Many people are of the opinion that if a woman rarely wants sex there is something physically wrong with her. Maybe her sexual desire, her libido, would improve with the help of medical treatment? What pill can be prescribed that would get her back on the right track?
Like in many other areas, some health professionals (and certainly pharmaceutical companies) quickly reduce interpersonal, social, and cultural problems to a hormonal imbalance, that can be - and should be remedied with something we can buy in the pharmacy.
The biggest misconception of our present time is that problems like low sexual desire or depression are all due to hormonal or chemical imbalance. A misconception that is widely fed and supported research financed by pharmaceutical companies whose huge profits rely on people reaching for 'the pill'.
A woman's desire for being sexually intimate with her partner may be physiological. In that case a treatment that increases her testosterone levels might help to increase her sexual desire. More often, however, the lack of libido is due to a web of every-day-stuff including physical and mental health, histories of sexual abuse, nutrition, exercise, body image, career/job satisfaction, financial worries, parenting worries, and the quality of one's relationship.
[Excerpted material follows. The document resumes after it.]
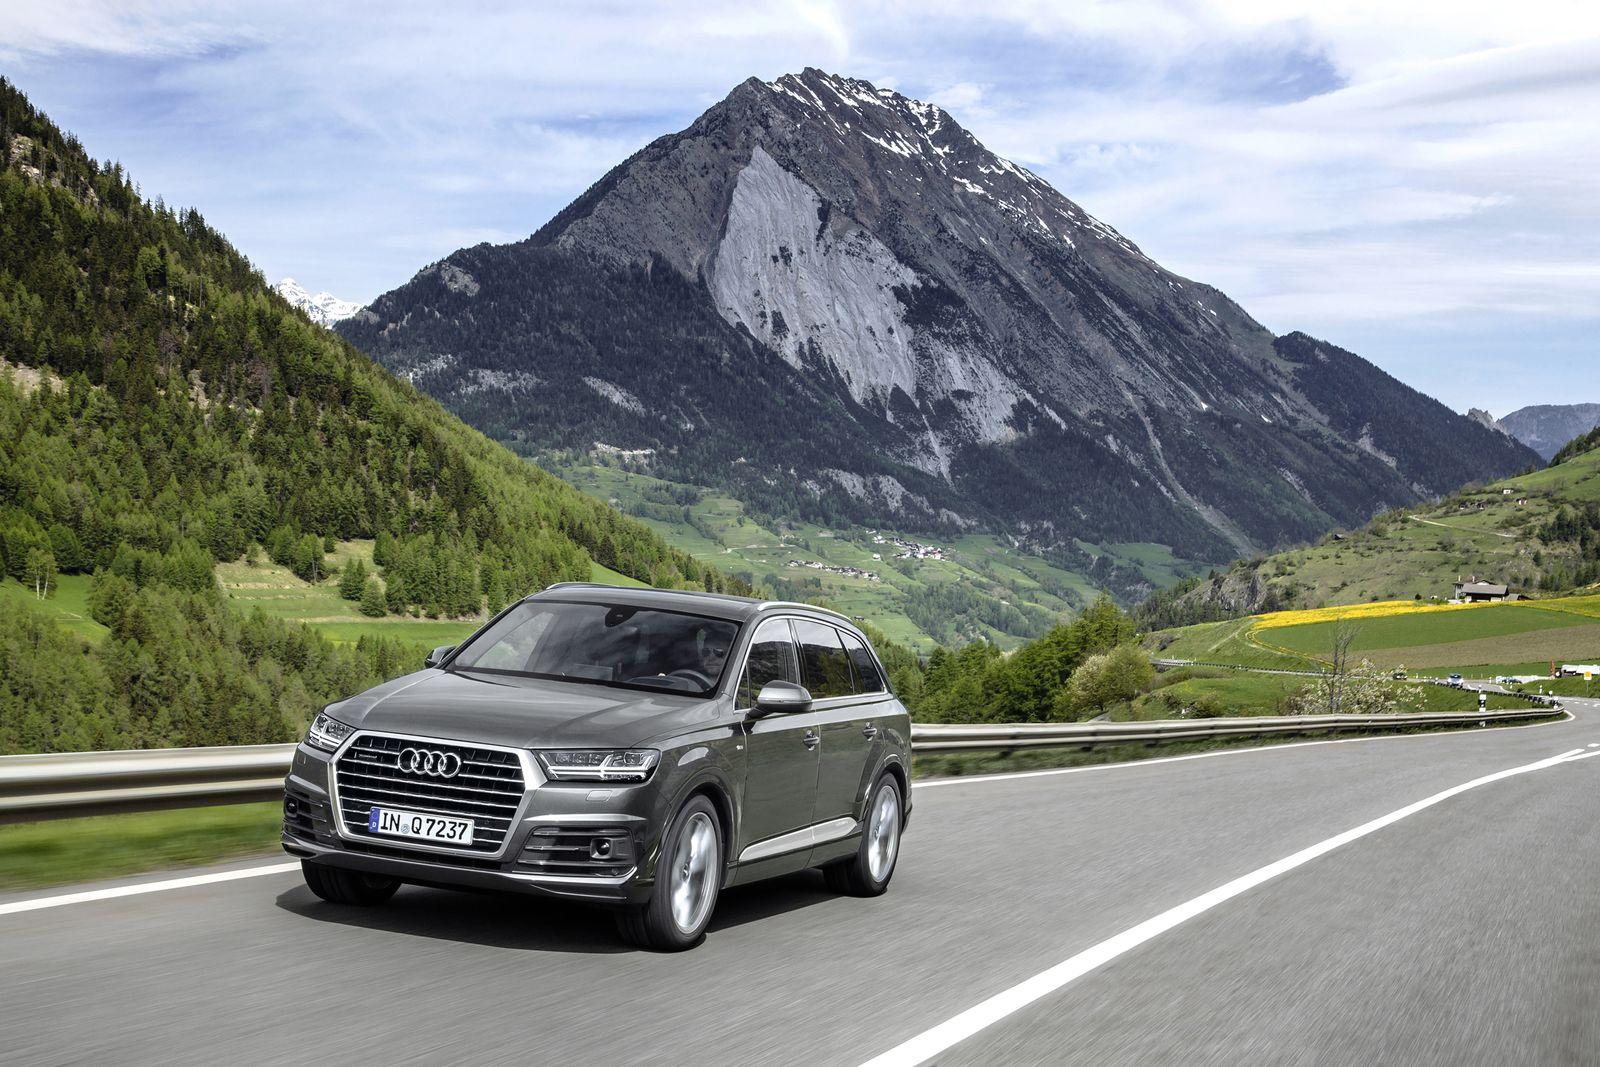 Lieblinge der Autodiebe 2015 / Audi Q7

Indeed, the lack of feeling loved, cared for, supported, listened to, respected, understood, and appreciated - to name just a few relational qualities - will without doubt translate into low sexual desire. The first port of call would be to assess the quality of the couple's relationship.
But just as in other areas of life, no two couples have the same needs. Sometimes a bottom-up approach is working:
improve the relationship = improve the sex-life.
For other couples a top-down approach is more successful:
improve the sex-life = improve the relationship.
Important to remember is that a relationship can suffer badly under the strain of opposing sexual needs. If your relationship is important to you, you can get help to tackle the problem in ways that suit you. Overwhelming evidence demonstrates that having successful relationships is the main ingredient to happiness.